David Allen‘s GTD framework does this by distinguishing between Capture and Process stages. In the Capture step you collect, receive, or recognize a potentially significant item. In the Process step you review these items to clarify their significance — determine what to do, when, etc.

Doing these steps separately instead of all at once improves both of them.

Capturing is an inspired, creative act — you want to be open to the unexpected, not rigidly examining the worth of each possibility. Processing, on the other hand, is a logical evaluation.

If you try to mix the two, one or both of them suffers.

A dedicated capture tool is the best method I have found for this approach— a temporary holding place for tasks and ideas. Ideally it will cooperate with the other apps you use to send text or a URL to the appropriate list.

Personally, I use Drafts, which is designed specifically for this use case and does it brilliantly.

Solution 2 — Eliminate the secondary

“The tasks that have the greatest likelihood of derailing your progress are the ones you care about, but that aren’t truly important.” ~ James Clear

With so many options available to us, we can’t simply embrace every good opportunity or idea. If we do, we’ll dilute our efforts and make a small contribution in many areas instead of a major contribution in a few areas.

Warren Buffett recognized this and suggested making two lists — a master list of 25 goals and a sub-list of the top five.

The remaining 20 goals are the ones most likely to steal time from your top five. If you truly want to accomplish the top five, you need to focus on those five and avoid the other 20.

This same principle carries over to other lists, especially digital ones.

Have a list of things you’d like to do around the house? Pick three and delete or hide the rest.

Deleting is generally best. It sends a strong message to yourself that you will ignore that B-list idea until you finish the A-list.

If you can’t bring yourself to delete, find a way to hide the B-list. Put them in the archive, bury them in a sub-folder, or add them to a different app. Out of sight and off your radar.

“Decide what is really important to you and eliminate the rest.” ~ James Clear

Problem: Digital is too easy to keep

Not only are digital items easier to add, they are also easier to keep.

A sheet of paper is limited in size. Collections of paper require physical storage space.

Digital tools once had serious storage limits (floppy disc, anyone?), but those days are mostly over. Note apps let you add as many notes as you want. List apps can take every entry you throw at them.

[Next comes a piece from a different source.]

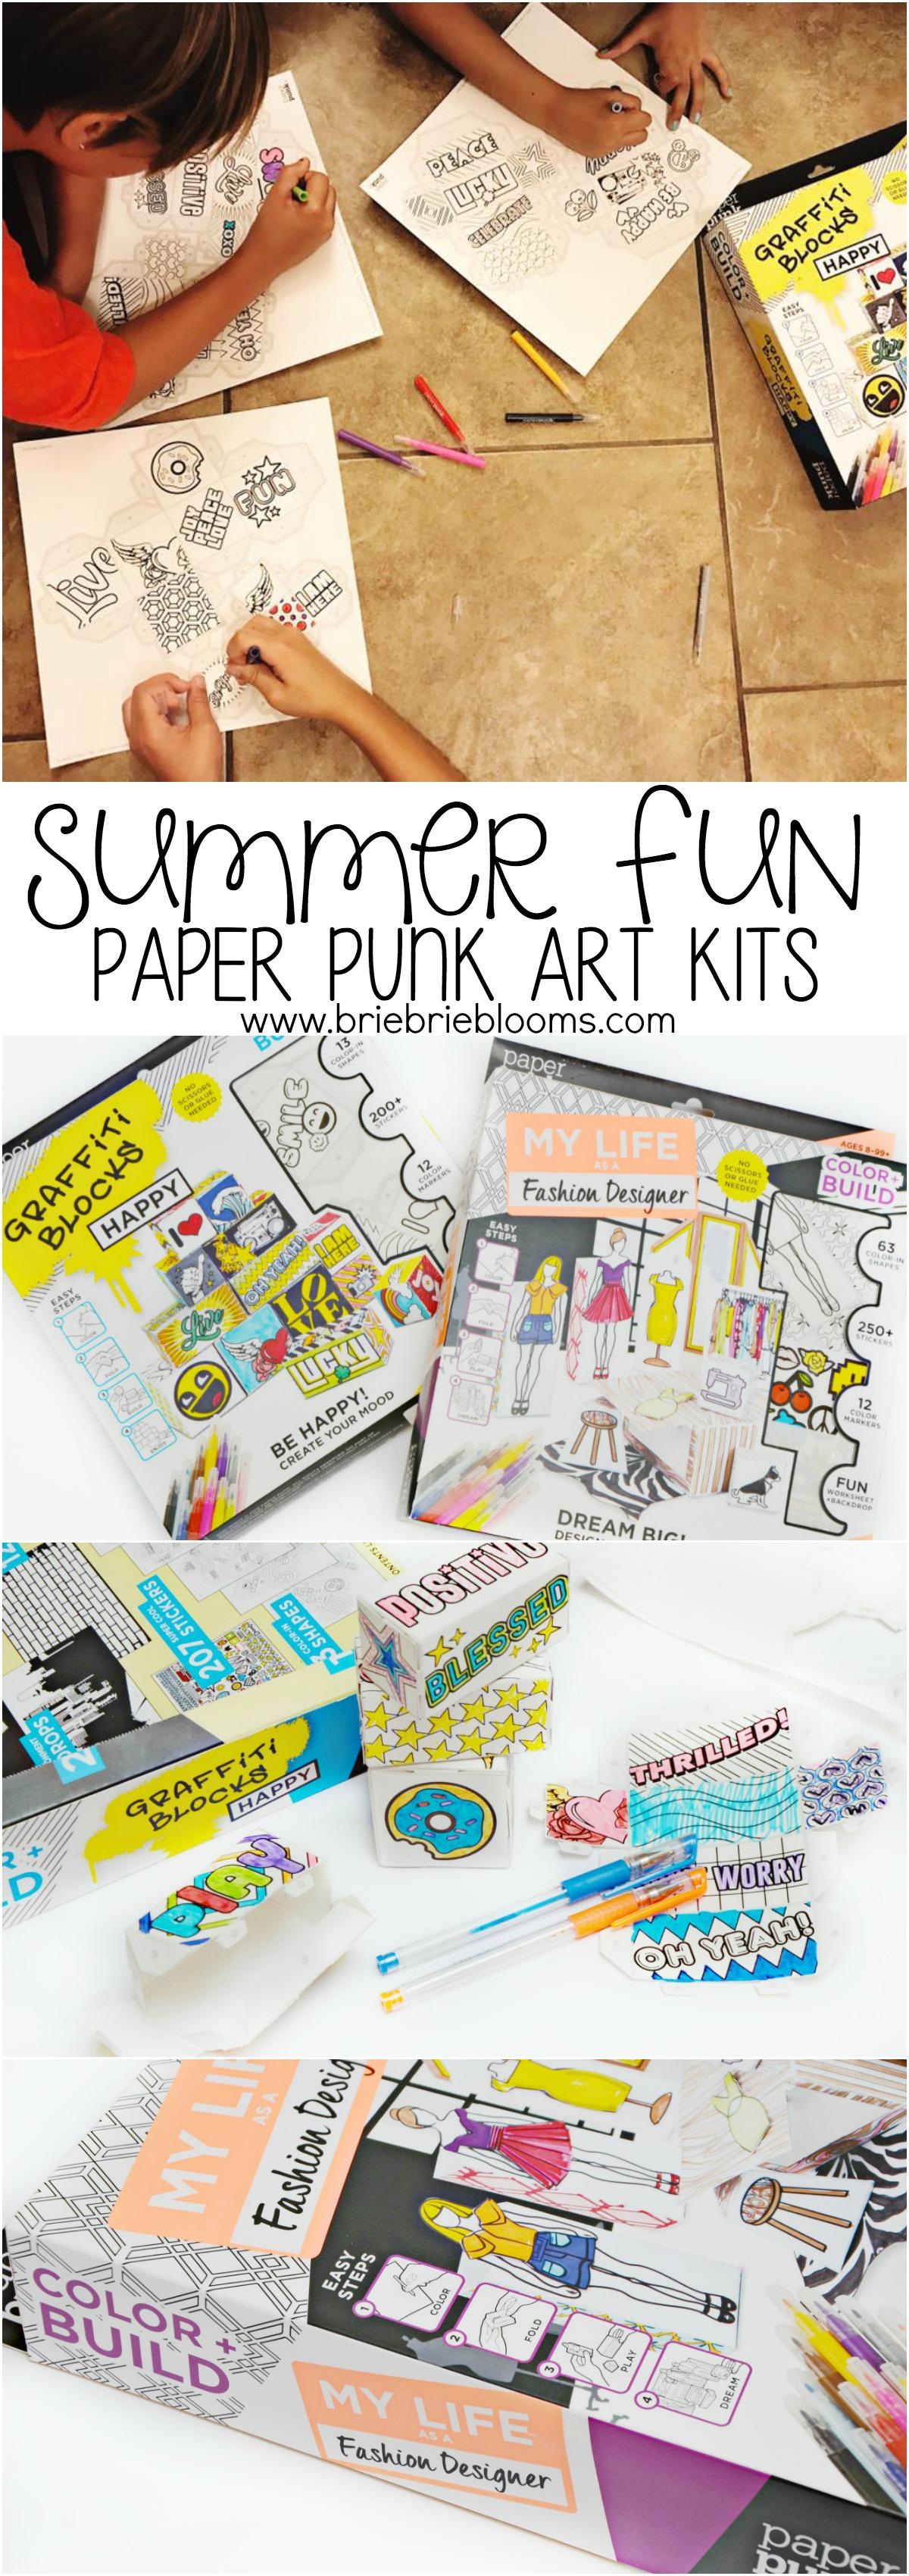 Summer Fun Paper Punk Art Kits

The tools we use no longer impose an external limit on how many items we capture, which can quickly lead to the ringing effect.

Also, digital lists are malleable. We can reorder, sort, and filter, without having to recreate the list from scratch.

In contrast, if you want to reorder, sort, or filter a paper list you must revisit each item on it. This scrutiny prompts you to reevaluate tasks and goals, so you are less likely to keep everything.

Example: Moving to a new home forces you to confront each item you own and weigh whether it is worth keeping. The cost of transferring it may outweigh the value of keeping it.

Solution 3 — Set boundaries

Apps don’t limit how many items we can add to a list. But that doesn’t mean we can’t limit ourselves.

To avoid clutter and to make sure they play with and appreciate their toys, we limit how many our kids can keep. Periodically we identify and get rid of the neglected toys (usually after a birthday or Christmas gift deluge).

Like the Minimalist movement, the point is not elimination for elimination’s sake. Instead, the point is to highlight the possessions that bring the most joy.

“MINIMALISM: the intentional promotion of the things we most value and the removal of anything that distracts us from them” ~ Joshua Becker, The More of Less

Take a look at each of your lists, and consider how many items it really needs.

Do you really need 50 different movies on your watch list? How many remodeling ideas do you need to pin? Are you even planning to remodel?

Remember — the ringing effect means the system grinds to a halt when you add too many items. Too many ideas or tasks will distract you from the ones that matter most.

Yes, if you cut your list down, you’ll have to remove some good things. But that process will also force you to decide what you really want, and which items are most important.

The list will be shorter but stronger. Quality over quantity.

How long is too long?

Cognitive overload is a subjective thing, so your mileage will vary. If ten items on your to-do list for today doesn’t freak you out, go for it. If five items overwhelms you, cut it to three.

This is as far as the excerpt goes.